ZURICH (Reuters) -Siemens will post lower-than-expected full-year sales growth, its Chief Financial Officer Ralf Thomas said in an interview published on Friday, although profits will not be harmed and its dividend could rise.
The German industrial group said in its last results on Aug. 8, that it expected full-year comparable revenue growth of 4% to 8%, although it was likely to be at the lower end of the range.
“In terms of sales growth, the trend is not towards 4%, but towards 3%,” Thomas told German newspaper Boersen-Zeitung.

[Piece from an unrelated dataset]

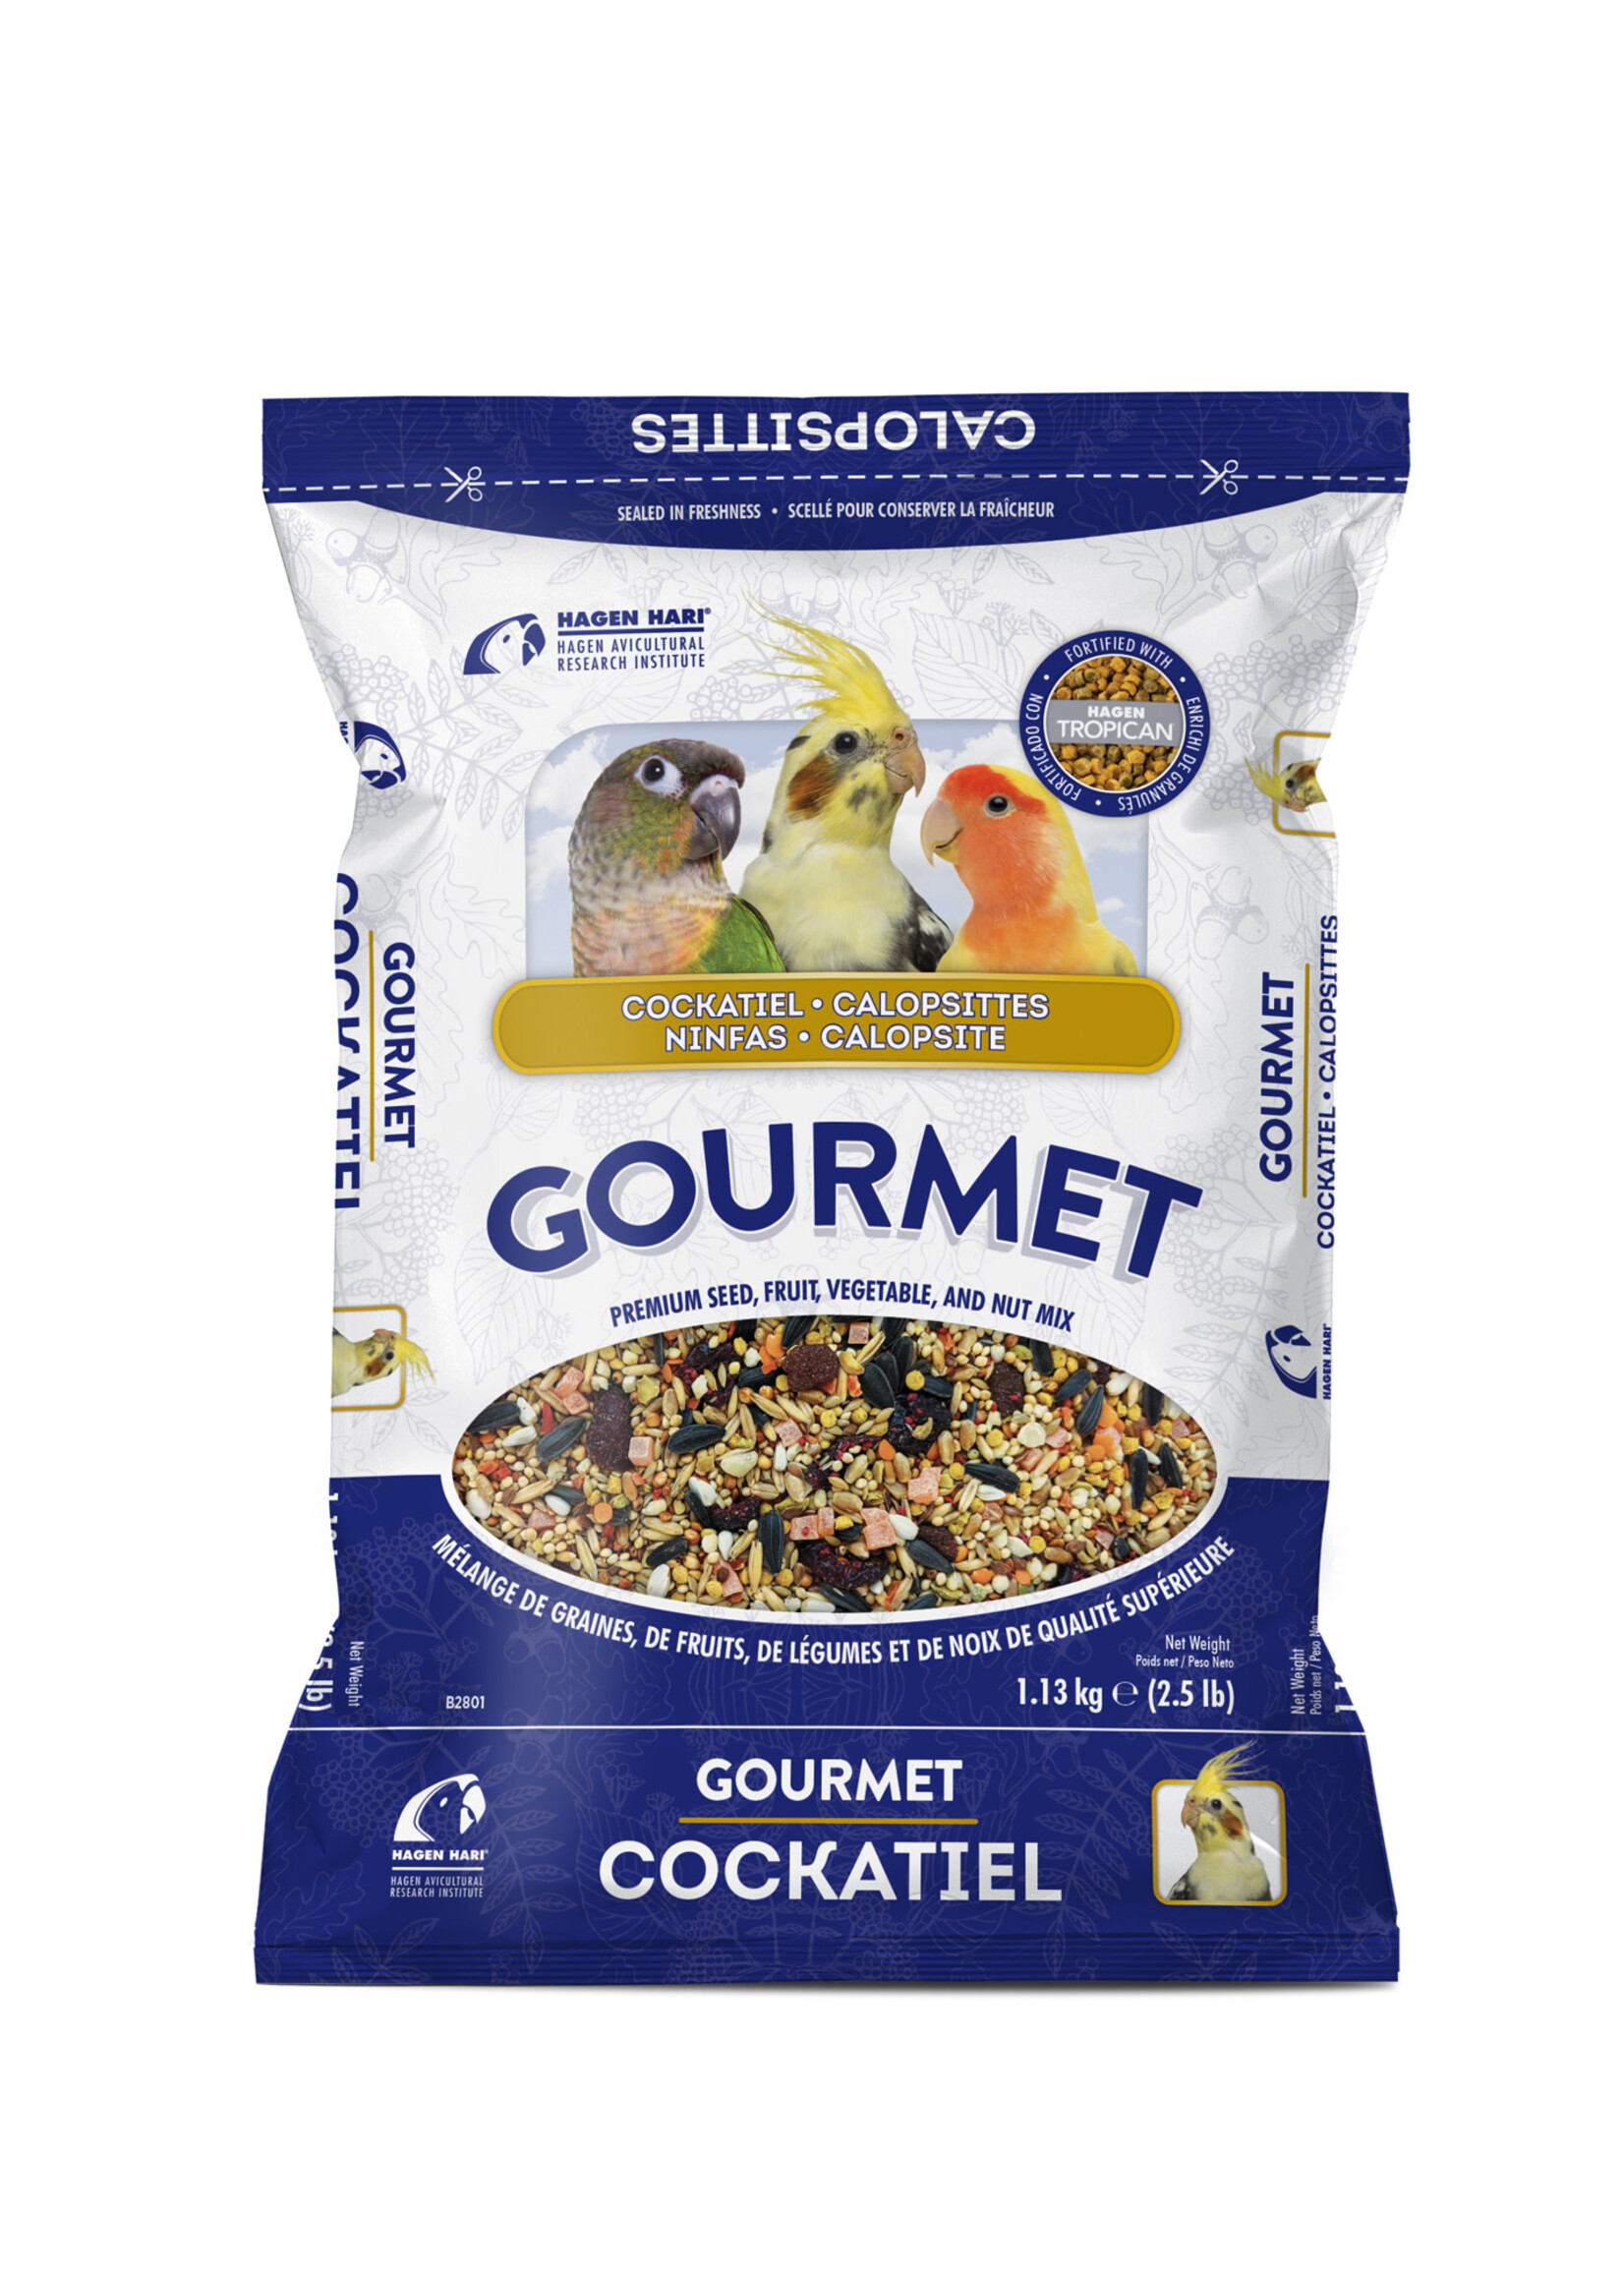 Hari HARI Gourmet Premium Seed Mix For Cockatiels - 1.13 kg (2.5 lb)

Thomas was quoted as saying that profitability was “clearly at the level we announced” at Siemens, which is due to report its full-year results on Nov. 14.
Siemens previously said it was aiming for full-year earnings per share in a 10.40 euro to 11.00 euro ($11.63-$12.30) range.
Although an overall weak economic situation was affecting Siemens, Thomas said it would “probably” raise its dividend.
The maker of industrial software and trains was being hit particularly by weak demand for factory automation in China, while Italy and Germany were also struggling.
“Automation really has to stretch itself to achieve its goals,” Thomas said. “The first half of the next financial year will continue to be a major challenge.”
It would take time for the latest Chinese economic stimulus to have an effect, said Thomas, and Siemens would focus more of its automation business on the U.S., where demand is growing.
“We have a lot of good ideas for the U.S,” Thomas said.